The nation’s foreign exchange reserves last month slid by US$206 million to US$543.08 billion, as foreign portfolio investors trimmed their holdings of local shares and repatriated cash dividends distributed by major local technology firms, the central bank said.
The latest figure put an end to three consecutive months of gains amid a stable US dollar and a weaker euro, while the Chinese yuan, the Japanese yen and British pound strengthened, Department of Foreign Exchange Director-General Eugene Tsai (蔡炯民) told an online news conference on Thursday.
The TAIEX shed 2 percent last month, as unease built up across global bourses over the more contagious Delta variant of SARS-CoV-2 in the US, Europe and Asia, propeling US$6.02 billion of foreign funds to flee Taiwan.
Capital fund outflows received a boost from investment gains and cash dividend payouts by chipmaker Taiwan Semiconductor Manufacturing Co (台積電) and chip designer MediaTek Inc (聯發科), the central bank said.
The central bank did not comment on whether capital outflows would persist this month, when more tech and non-tech companies are due to distribute cash dividends.

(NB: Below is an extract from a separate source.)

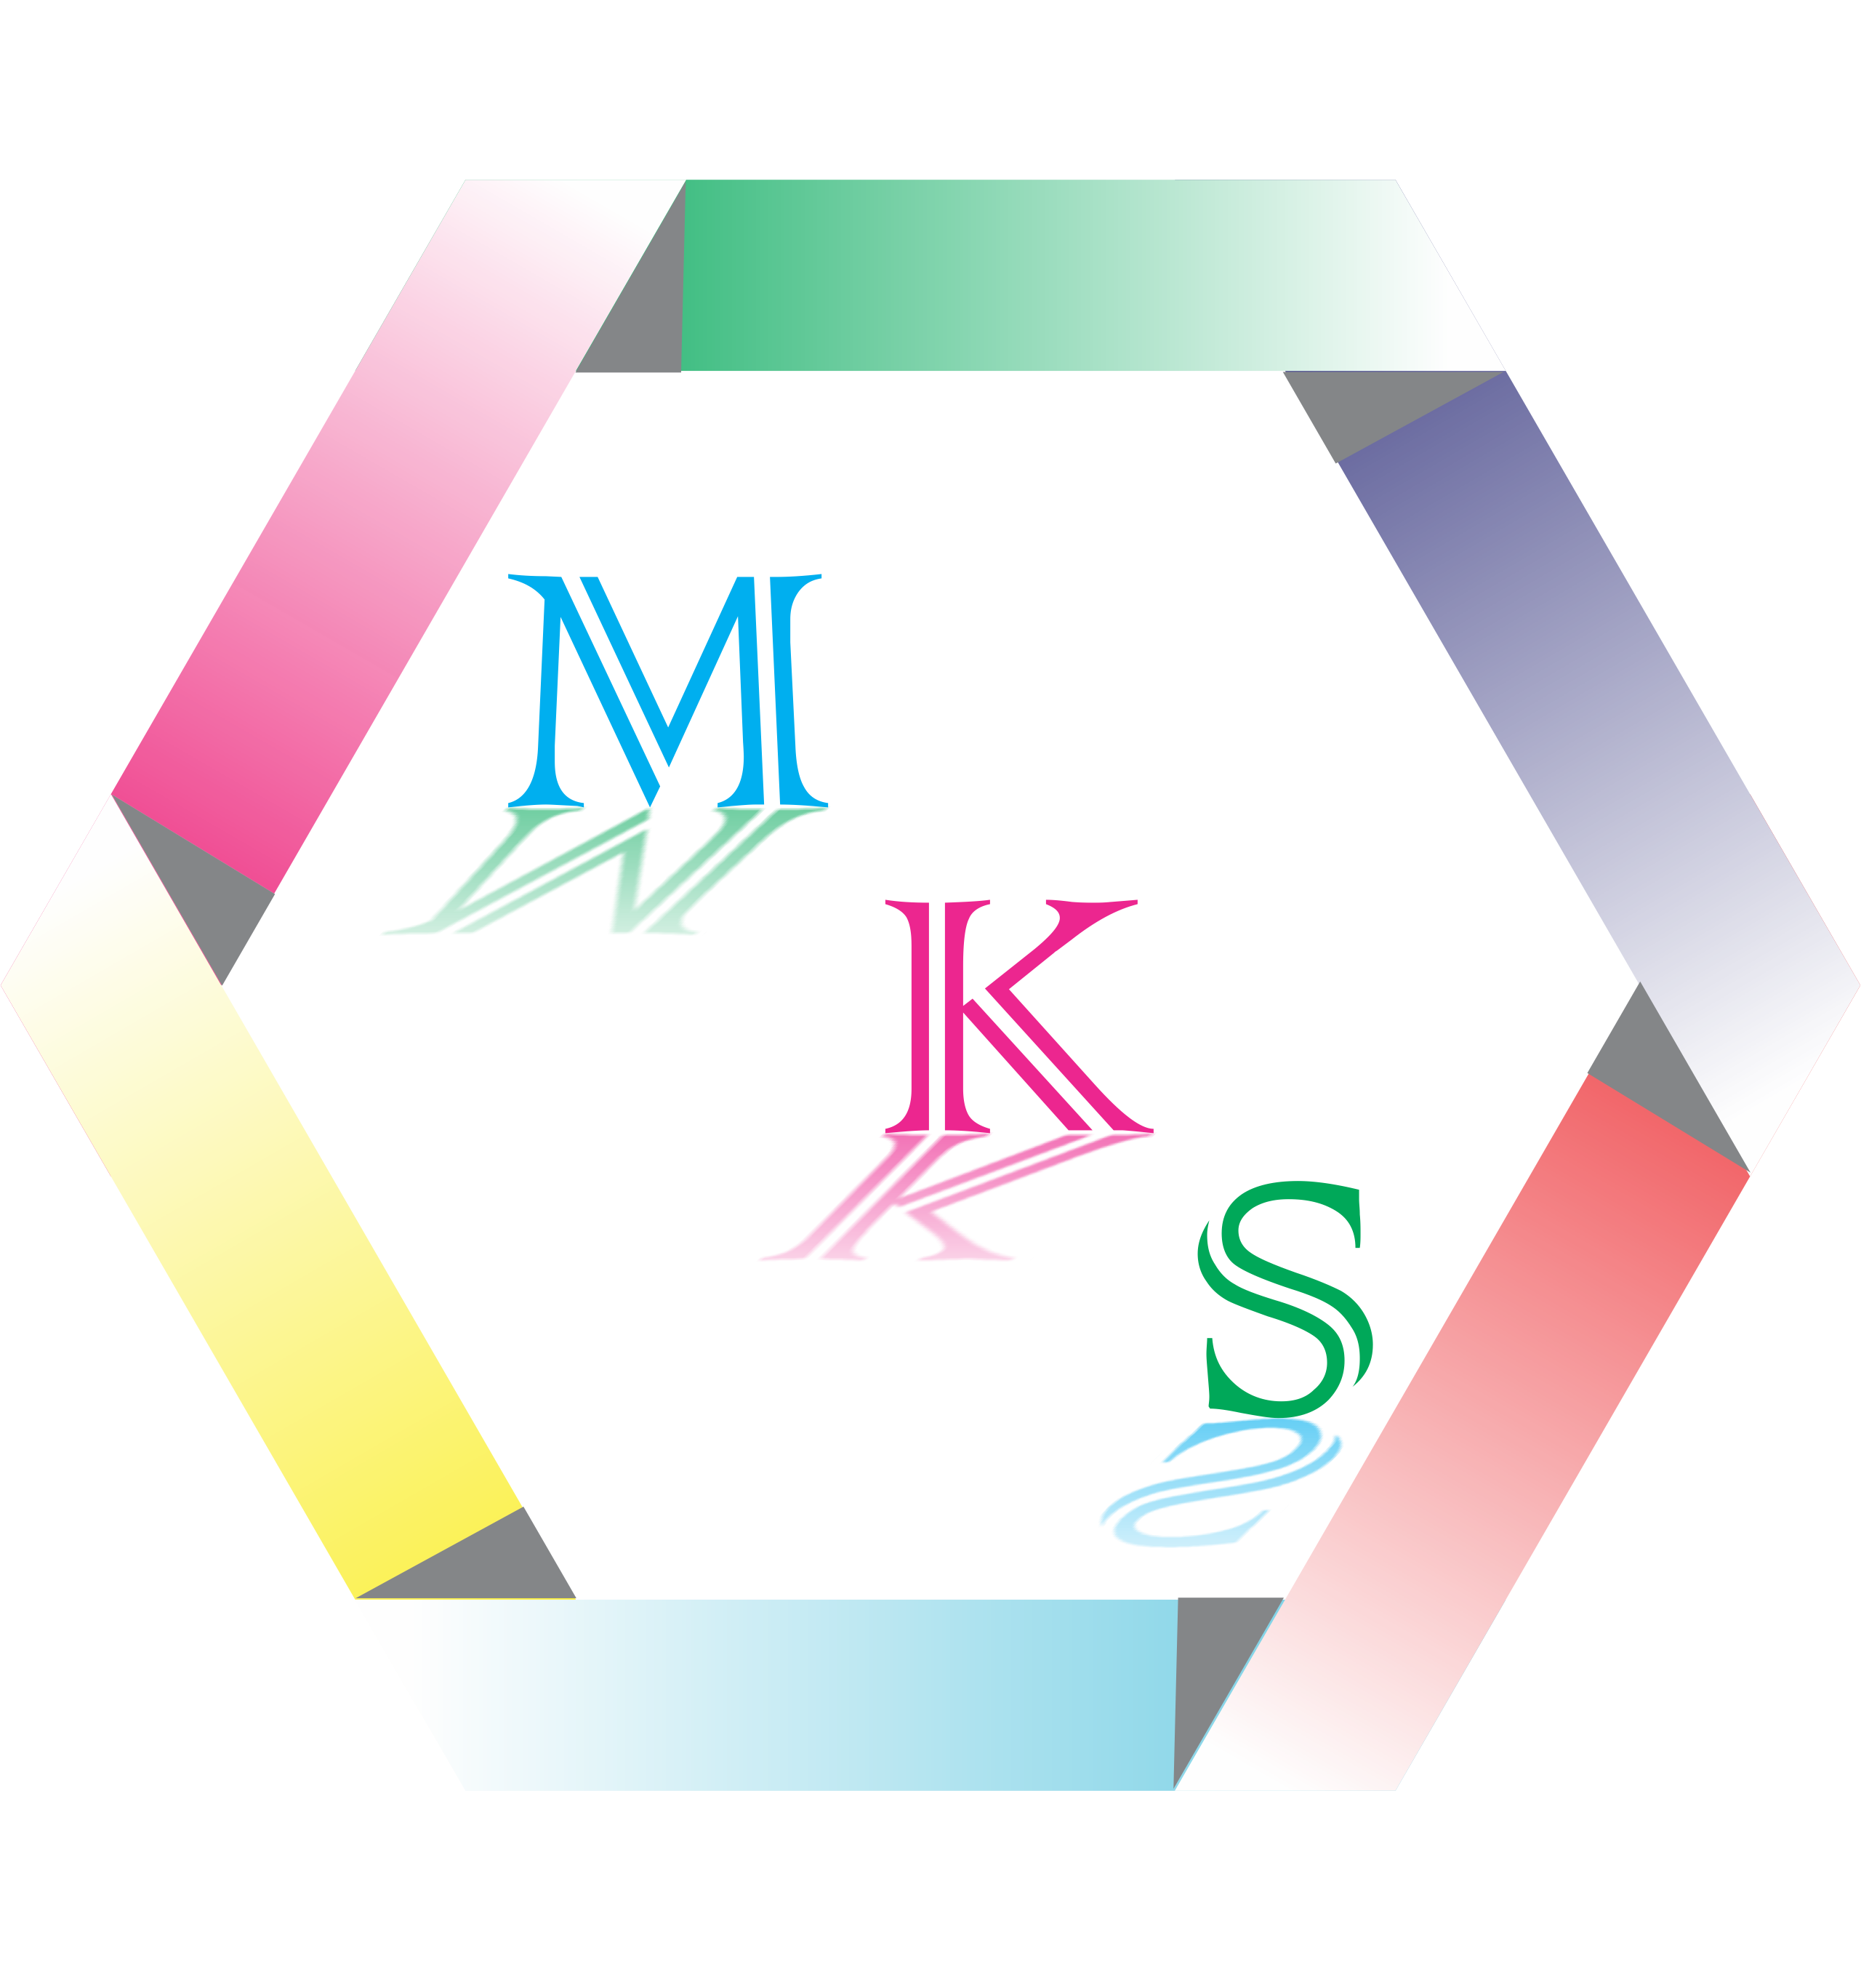 Make MKS 2020 Crack With Full Registration Code [2020] Latest Software

The change in foreign exchange reserves was insignificant and Taiwan’s foreign exchange holdings still ranked fifth worldwide, after China, Japan, Switzerland and India, Tsai said.
“The foreign exchange market remained stable,” Tsai said, adding that local insurance companies contributed to capital outflows as they tried to pursue better returns in overseas markets.
Taiwanese exporters, on the other hand, lent support to the New Taiwan dollar as they converted large amounts of their export earnings into the local currency, he said.
As of last month, foreign institutional investors still held US$698.3 billion of local securities and bonds, equivalent to 129 percent of the nation’s foreign exchange reserves, Tsai said.